Indeed, the first item in Docker's documentation of best practices describes how to keep containers small. Specifically, Docker suggests that developers do the following:
- Start with a lean base image tailored to your application.
- Use multistage builds for languages that require runtime environments, such as Java. Eliminate the libraries and dependencies used during the build from the final, deployed container image, and include only the artifacts and the environment needed to run them.
- Exploit layering to create base images to be shared among multiple images with lots of common code.
In general, developers should include only the bare minimum required files in container images and be sure to clean up any temporary files or build artifacts before packaging images.

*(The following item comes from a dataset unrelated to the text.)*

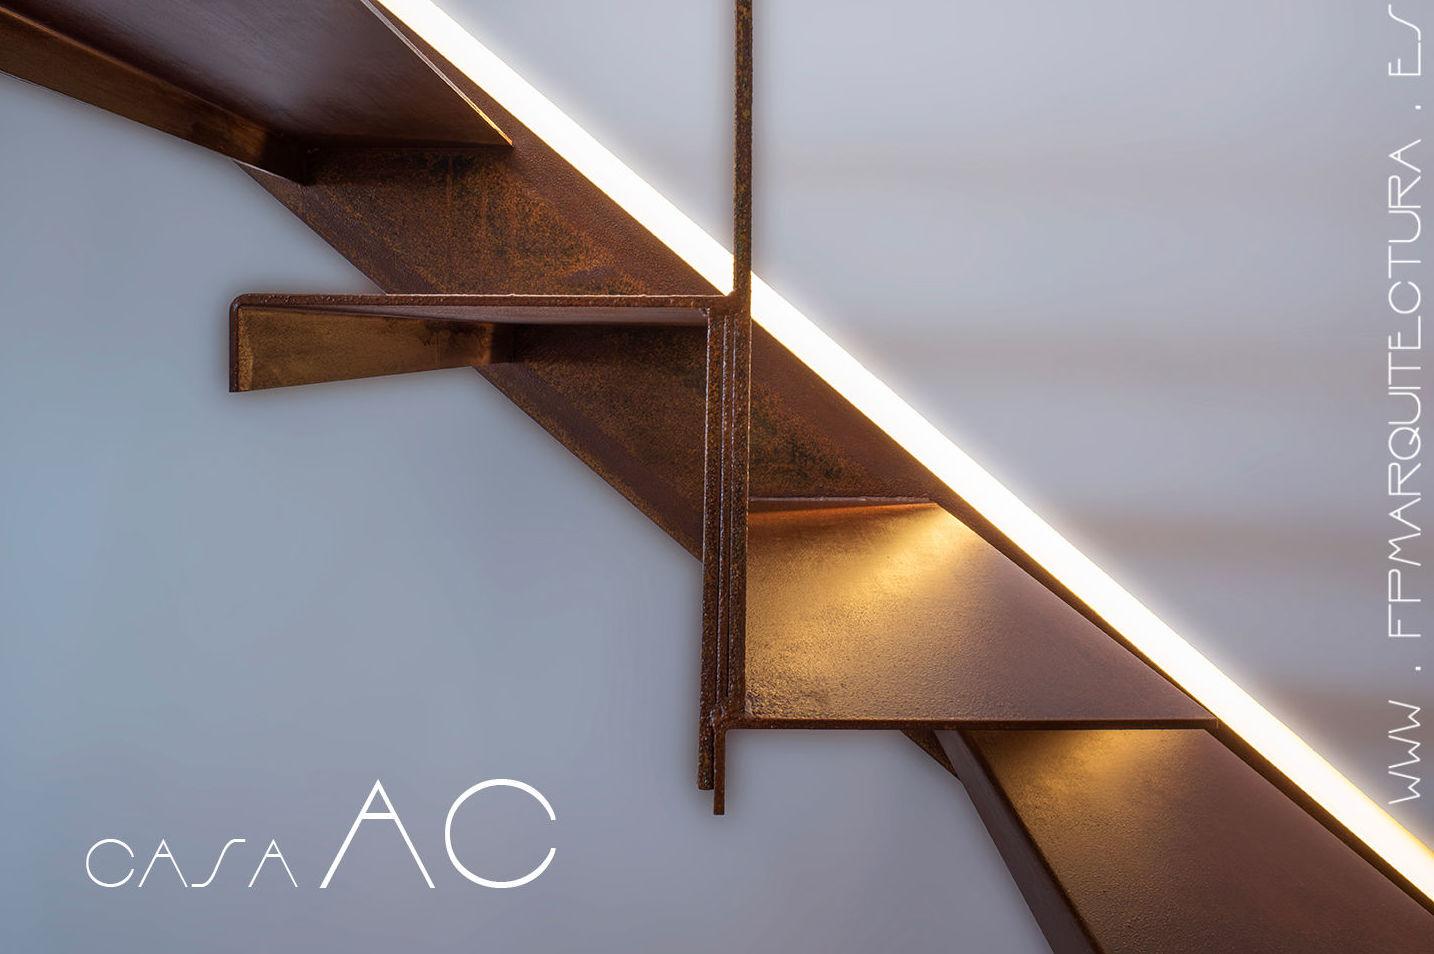 Casa AC    www.architectsitges.com: Proyectos  architectsitges.com de FPM Arquitectura

Container properties promote lean sizing
Whether it is an iPhone app or a container image, smaller packages will load faster than large ones. Container implementations, however, mitigate the overhead of packaging large, monolithic applications with multiple dependencies by adopting an image standard from the Open Container Initiative (OCI) and a file system. These enable you to layer multiple dependent components into a bundle.
Most enterprise container implementations and cloud services support the image specification developed by the OCI. By that definition, a composite format has images composed of multiple layers of compressed archive files linked with a JSON format manifest file. The format promotes several of the guiding values of OCI and container use more broadly, namely, module independence, composability, portability and minimalism.
As a Red Hat developer blog on image sizing concludes, having "a basic understanding of Docker's layered file system can make a big difference in the size of your image." Large images become an impediment when having to deploy thousands of containers across a cluster. Also, the Red Hat recommendations reiterate the point that large, composite containers are hard to update and patch, and they can lead to bugs and security vulnerabilities.
In sum, a smaller container image is easier to deploy, debug, update and manage. It is also more secure. Further, smaller images make it easier for cluster management systems to place and scale containerized applications.